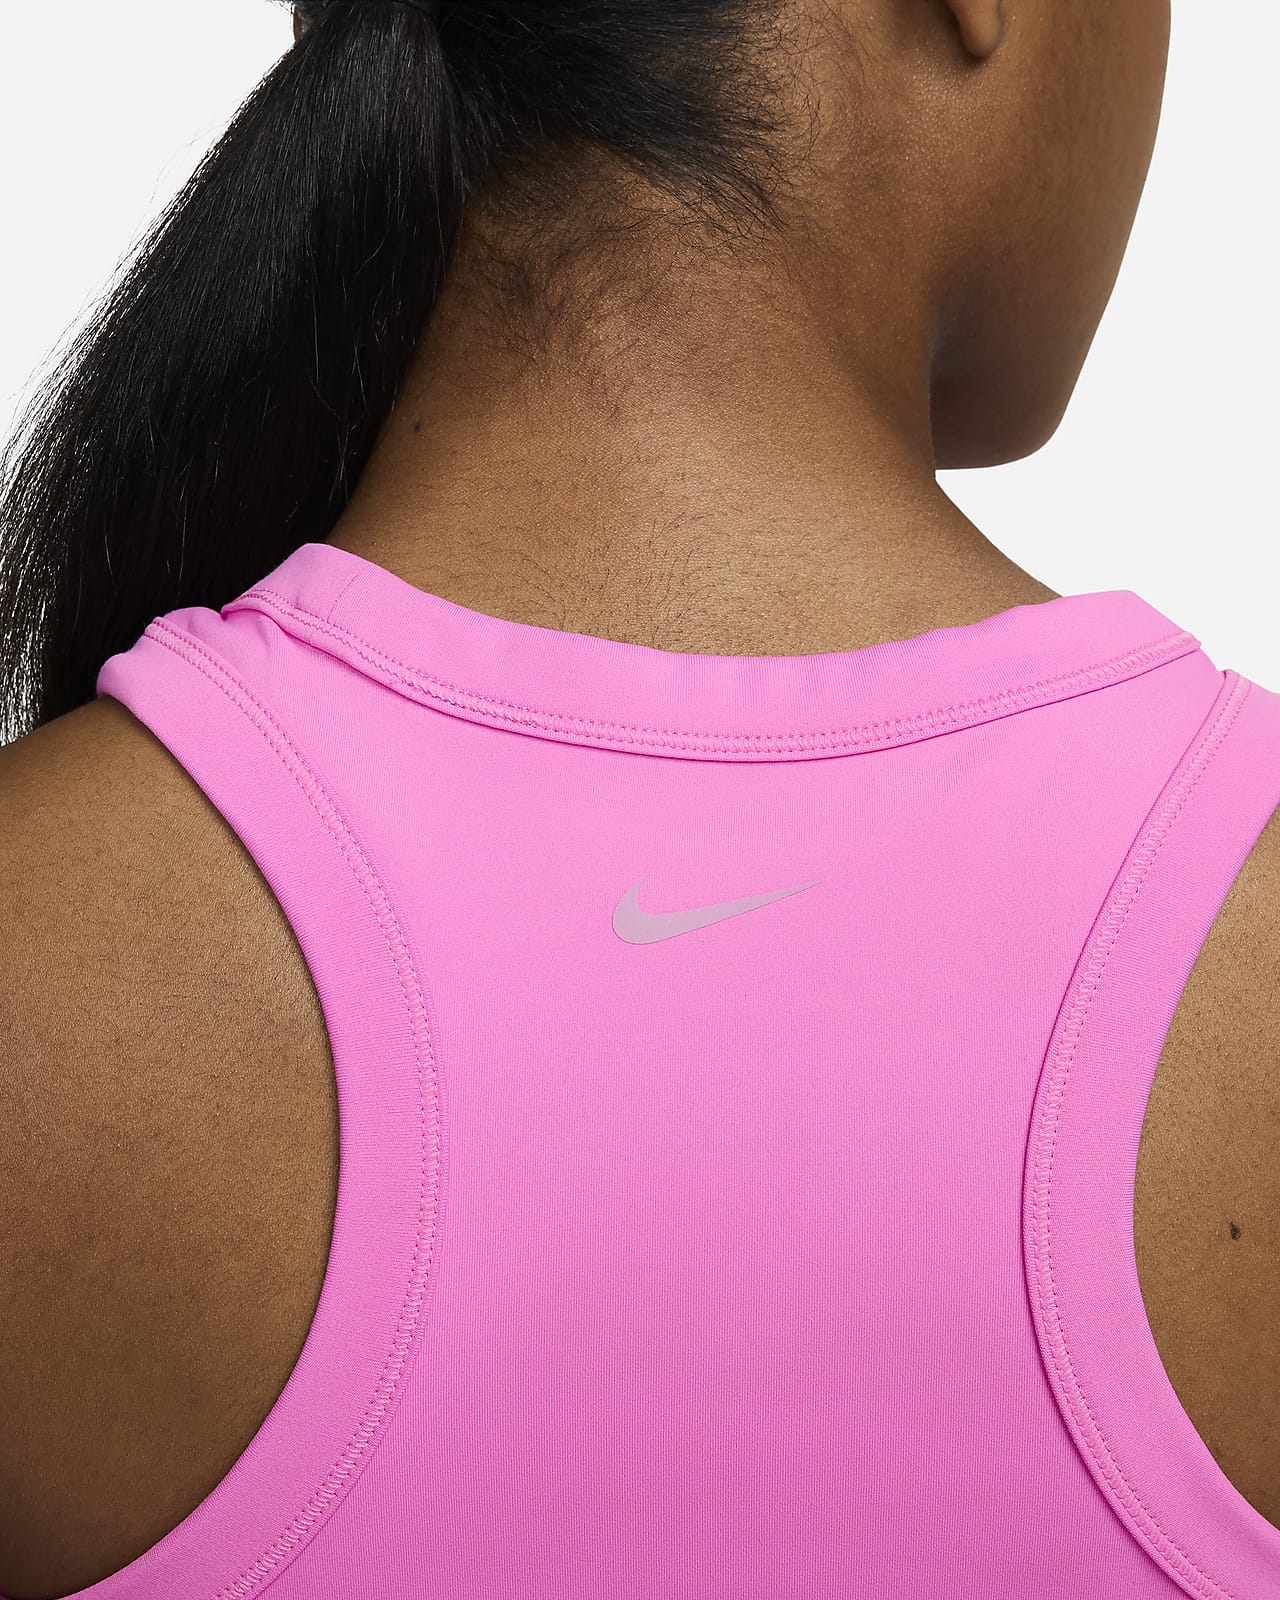 Nike Womens Dri-Fit Pink Racerback Built in Sports Bra Tank Top
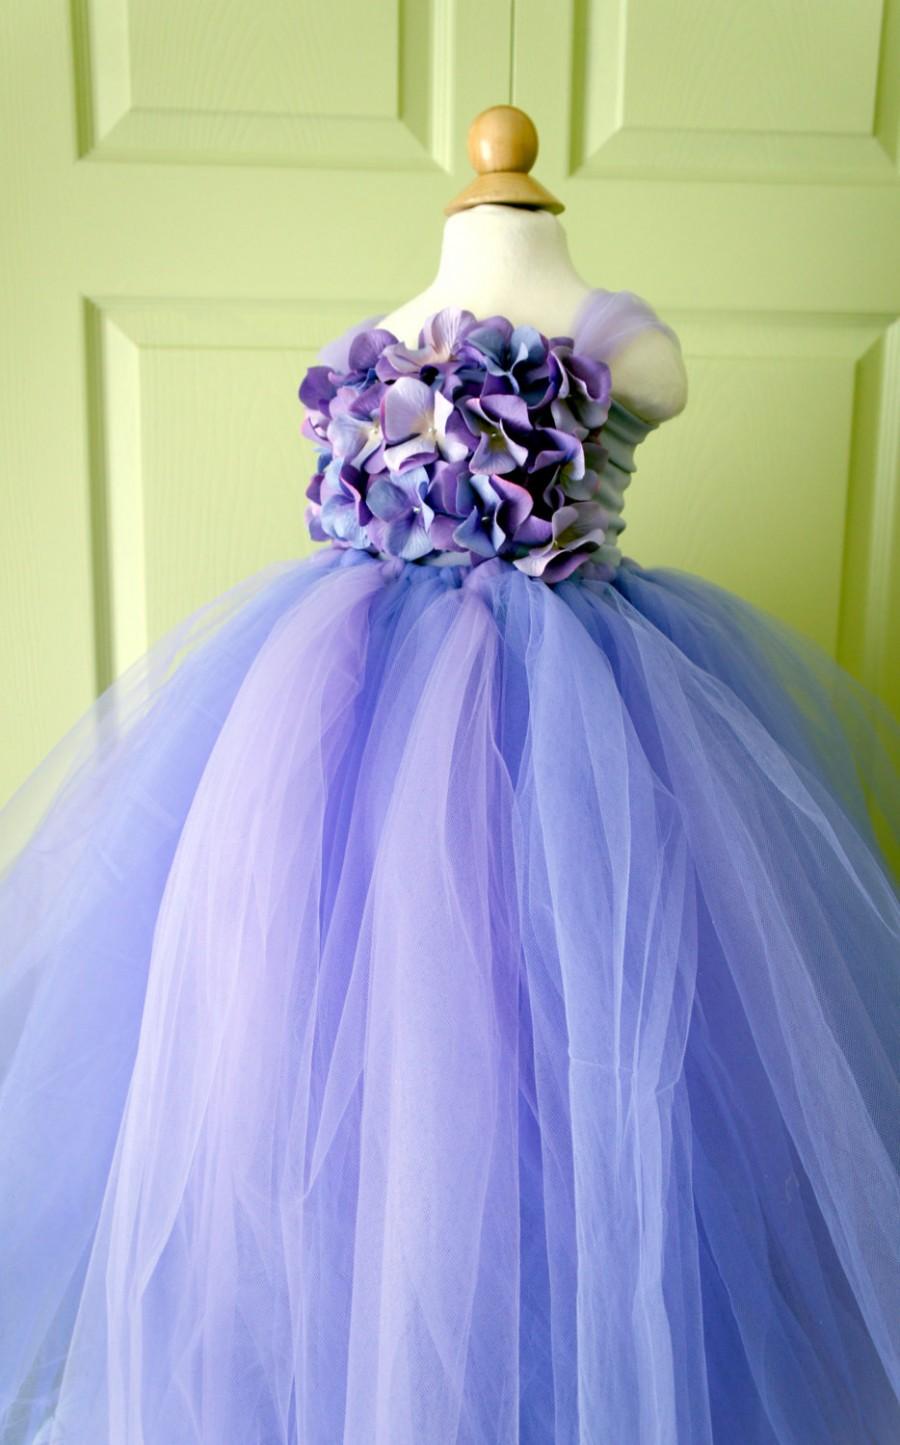 زفاف - Flower Girl Dress, Tutu Dress, Photo Prop, Lavender Purple, Flower Top, Tutu Dress
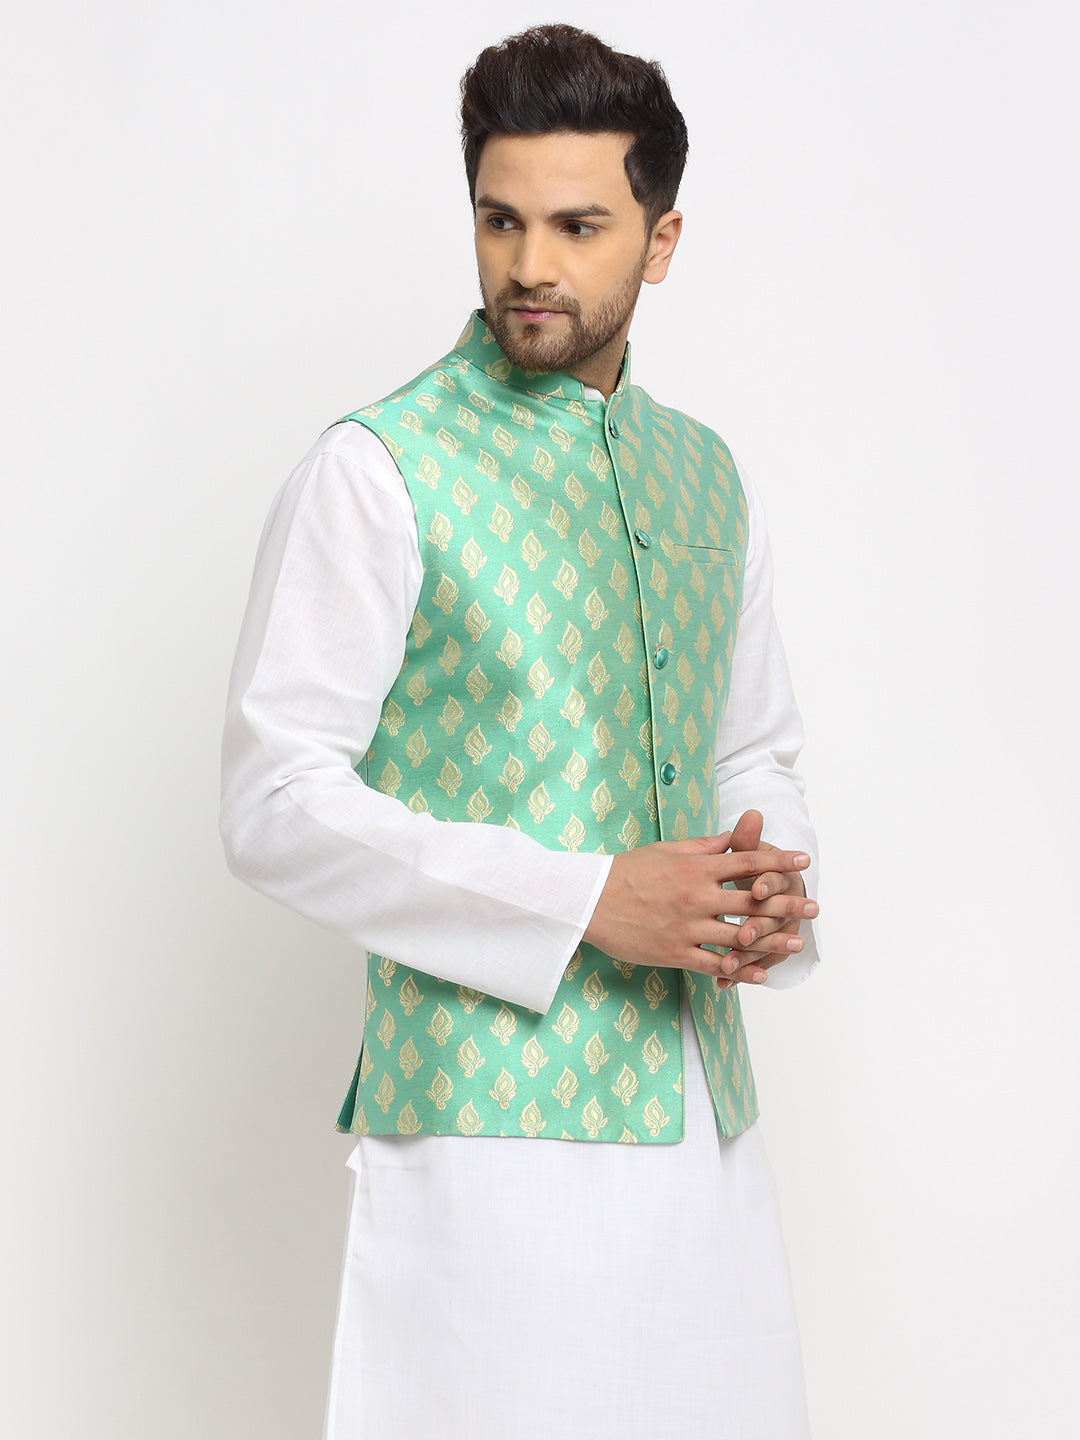 New Designer Men Aqua Green Brocade Nehru Jacket With Golden Work By Treemoda
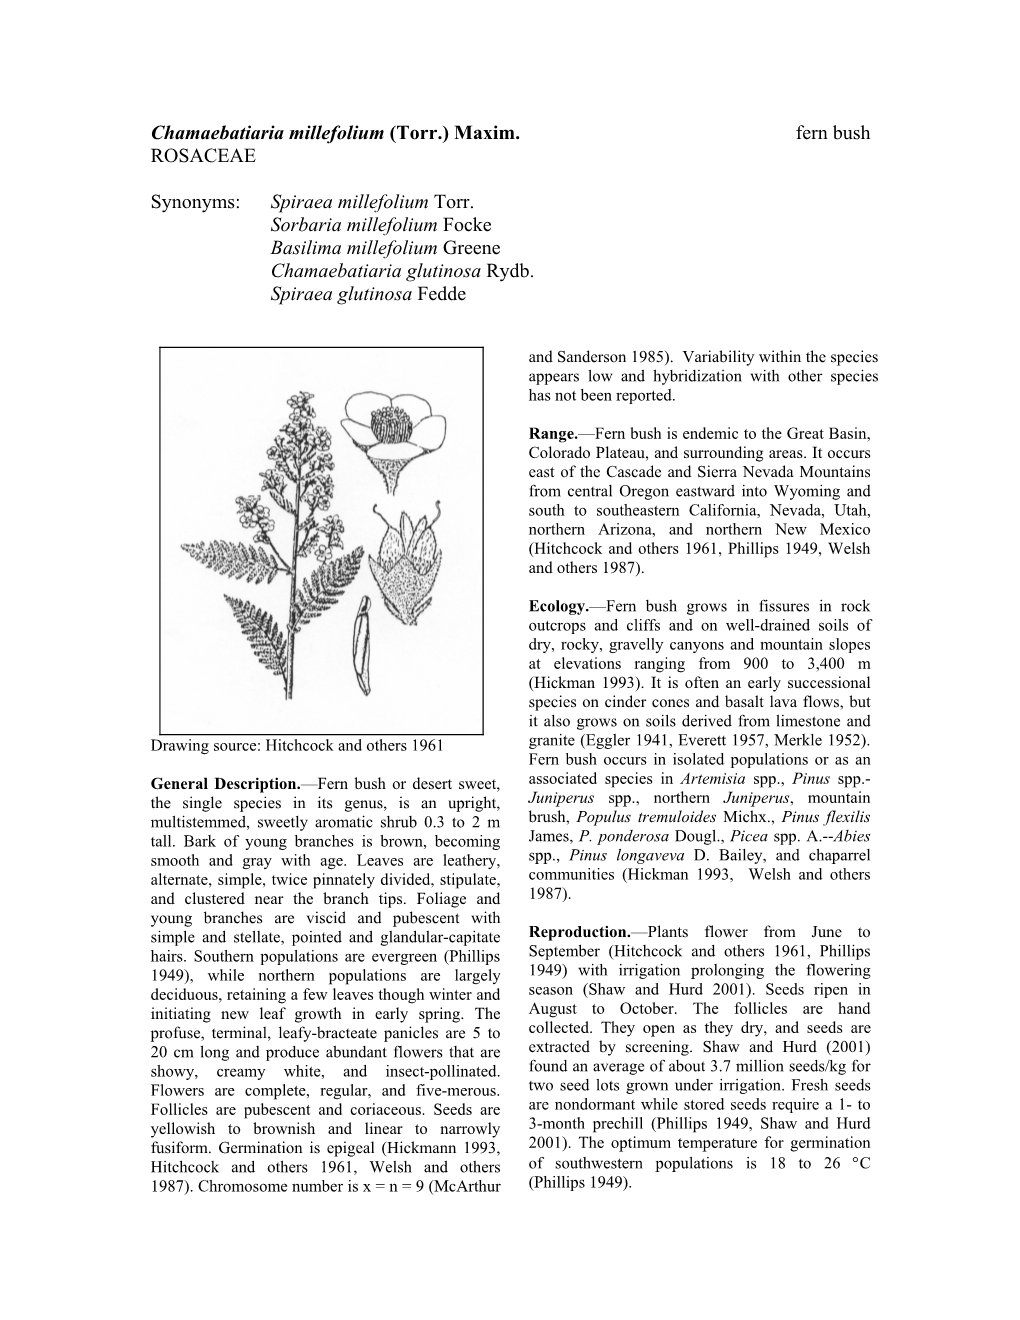 Chamaebatiaria Millefolium (Torr.) Maxim

===

> **TASK GOAL**
Write out the lines of the listing from the one that holds "New Designer Men" to the very last line, both included, exactly as they appear and without any pictures.

> **YOUR SOLUTION**
 New Designer Men Aqua Green Brocade Nehru Jacket With Golden Work By Treemoda
 Chamaebatiaria Millefolium (Torr.) Maxim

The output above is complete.